Abstract
This article emphasizes the importance of data quality and advocates that a generalized state of data clean-up tools should emerge and introduce sample models. Data quality is very critical for all areas of information management systems. Various data consistency challenges, though, from spelling errors to deep logical contradictions, reach into the applications all around. Data cleaning is aimed at detecting and eliminating dirty data, and improving data quality. It outlines the data quality issues and the latest data cleaning study findings. A standardized data cleaning structure focused on the consumer paradigm is introduced with regard to the existing management information systems. In a word, most companies waste their source to clean their data. Generalized data tools for every data type, will be much useful to companies that are concerned about data quality.
Introduction
In a word, quality of the data determines quality of the system. Without insight analysis of data problems, the data warehouse must fail and cause a great economic loss and decisionfault. However, this view does not take into consideration that data cleaning is always an iterative method customized to the needs and semics of a particular function of study.The data cleaning principle is to find and correct the mistakes and inconsistencies. Data cleaning is the necessary condition for discovering knowledge and constructing data warehouses. Traditionally , data cleaning procedures, sequences of transformations such as deduplication or outlier elimination that translate raw data into a format suitable for study, have been regarded as static components that fit into data incorporation or ExtractTransform-Load (ETL) pipelines and are performed based on new data entering the device [15] (Sanjay Krishnan et al., 2016). Recently many tools to enable the iterative design and optimization of data cleaning workflows were developed as a reallocation. Our claim is find touniversal data cleaning tool for every data types. In this paper, we discuss current data cleaning tools and their advantages to merge for best practice.[2
Background and Related Work
Database cleaning has been a primary field of data base work throughout the past two decades.[1] There are currently several commercial data-cleaning tools available. The academic community also developed some tools with the same purpose as the research works. Most market applications for data cleaning are developed to promote data identification and data cleaning and conversion. They are classified into two types: irregular tools for data discovery and tools for data conversion (for anomalous data cleaning)[5]. The cleaning of data is profoundly domain specific. Problems with data quality are rather trivial, complex and incoherent. There is no international common reference standard. Cleaning algorithms can only be designed according to the specific requirement of each domain. Yet some criteria still exist to judge the algorithm (Huang Yu Nanjing et al., 2015). After Kandel etal. there have been many major developments in data cleanings such as the increasing acceptance of Machine Learning in enterprise and the emergence of in-memory, low-latency data processing systems such as Apache Spark.
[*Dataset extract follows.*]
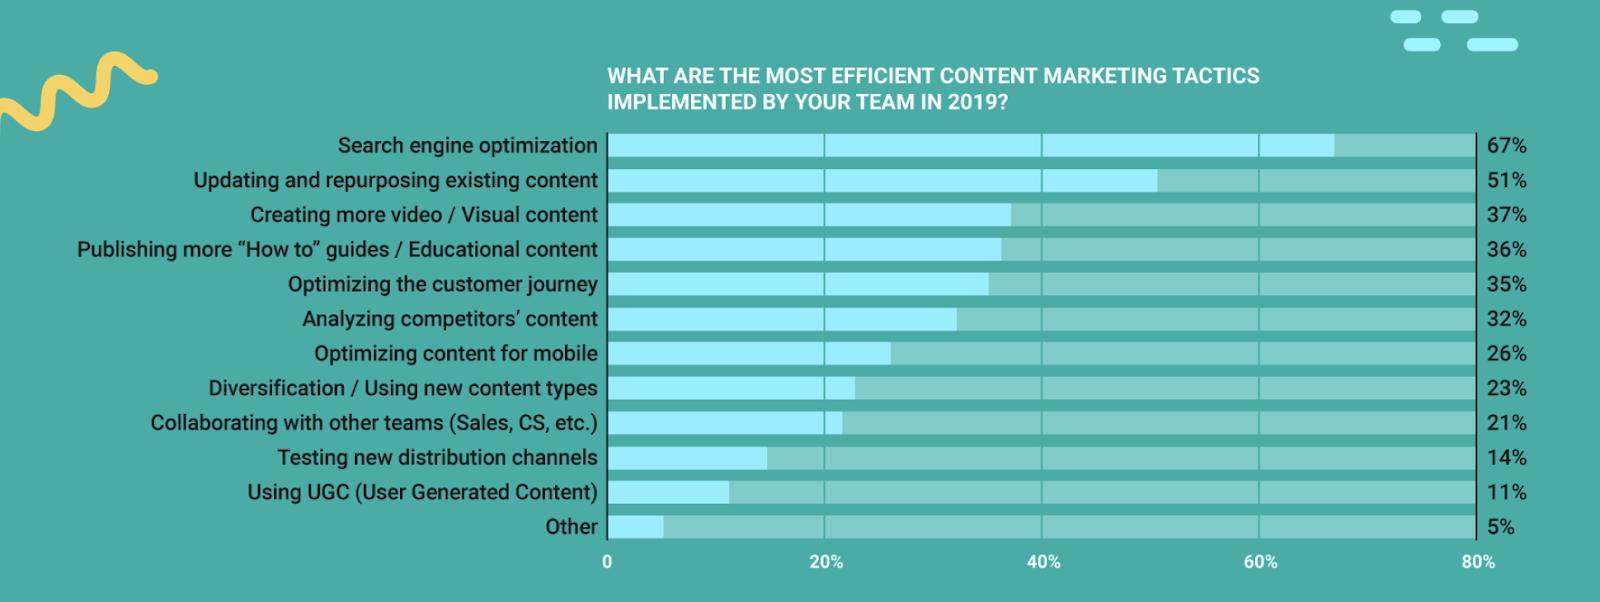 Blog Content Audit: Best Content Marketing Tactics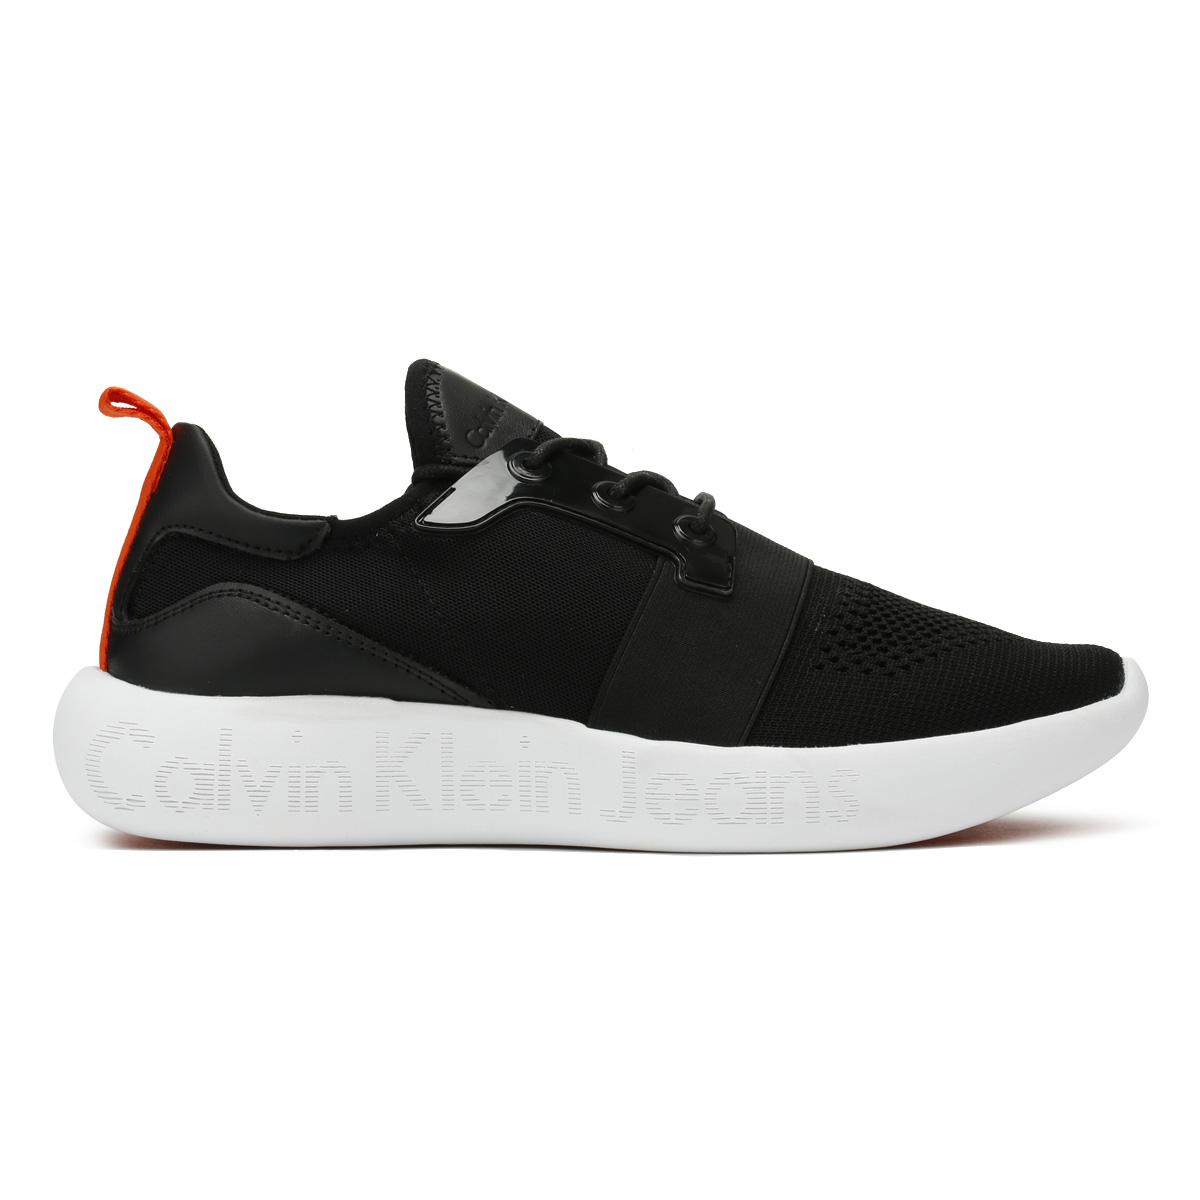 0d729174c9d6a5 ... Nike Air Jordan 5 V Retro 3Lab5 Black Metallic Silver Silver Silver  599581 003 Size 11 ...

In this respect, we will examine an example generalized system model below.
The system is highly flexible and satisfactory for the needs of different company users asshown in Fig.1.
In Fig.1, the system accesses the objects database to be cleaned by means of universalaccess controls. So users are transparent about the details of data accessing different DBMS.
The user model definition module defines the universal model and structure that our system can easily interpret and store in the XML files of the user model. The Quality Model specification module accesses the XML files of the data model and gets the user model, andspecifies the user model's quality standard, including interpretation of the data quality law, concept of restricting language. Data cleaning tools include data cleaning engine, auto-run module and the module for human intervention.[3]
Confirming Kandel et al's results, we noticed that a lot of participants described data cleaningas an engaging, iterative and self-learning method. In other words, users will load the sampledata set first so that users who do data cleaning can be more comfortable. The learning methods in the background will simply determine the interface according to the type of data and automatically present this interface to the user.
As shown in Figure 1, an interface shaped according to the data types entered into the system will provide convenience to employees in companies that have difficulties in datacleaning.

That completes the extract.